Good fungi gone bad: The corruption of calcineurin

Abstract

Calcineurin is a Ca²⁺/calmodulin‐activated protein phosphatase that is conserved in eukaryotes, from yeast to humans, and is the conserved target of the immunosuppressive drugs cyclosporin A (CsA) and FK506. Genetic studies in yeast and fungi established the molecular basis of calcineurin inhibition by the cyclophilin A–CsA and FKBP12–FK506 complexes. Calcineurin also functions in fungi to control a myriad of physiological processes including cell cycle progression, cation homeostasis, and morphogenesis.

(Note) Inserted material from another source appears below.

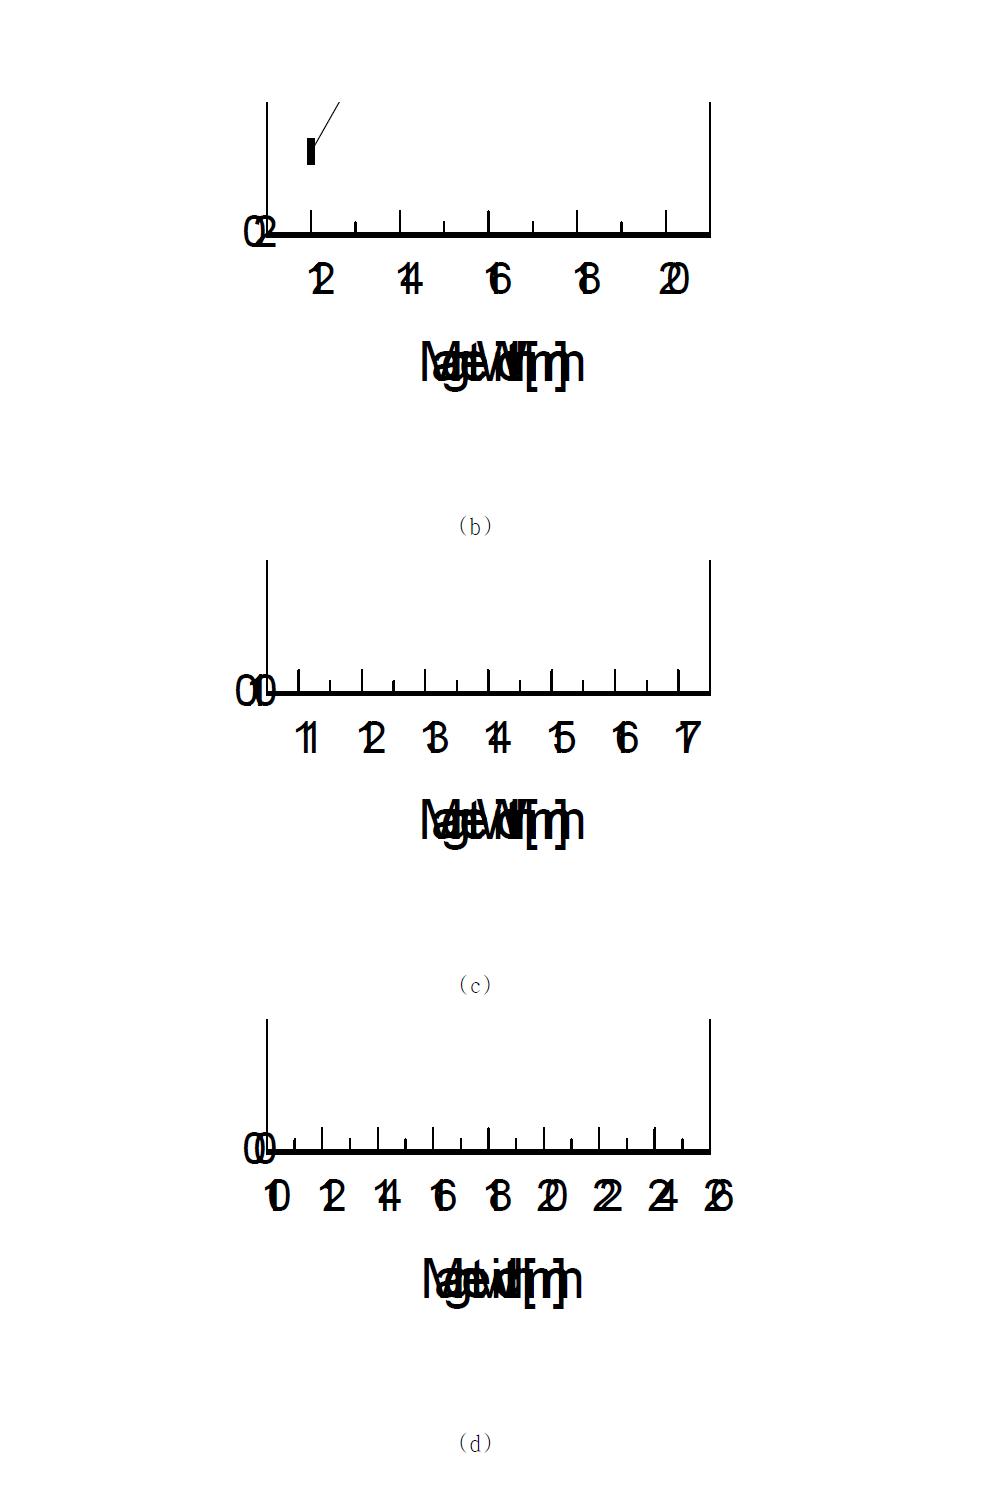 다양한 극수 모델에 대한 자석폭에 따른 토크리플 특성: (a) 4극, (b) 6극 , (c) 8극 및 (d) 각 극수에 대한 비교.

Recent investigations into the molecular mechanisms of pathogenesis in Candida albicans and Cryptococcus neoformans, two fungi that cause life‐threatening infections in humans, have revealed an essential role for calcineurin in morphogenesis, virulence, and antifungal drug action. Novel non‐immunosuppressive analogs of the calcineurin inhibitors CsA and FK506 that retain antifungal activity have been identified and hold promise as candidate antifungal drugs. In addition, comparisons of calcineurin function in both fungi and humans may identify fungal‐specific components of calcineurin‐signaling pathways that could be targeted for therapy, as well as conserved elements of calcium signaling events. BioEssays 24:894–903, 2002.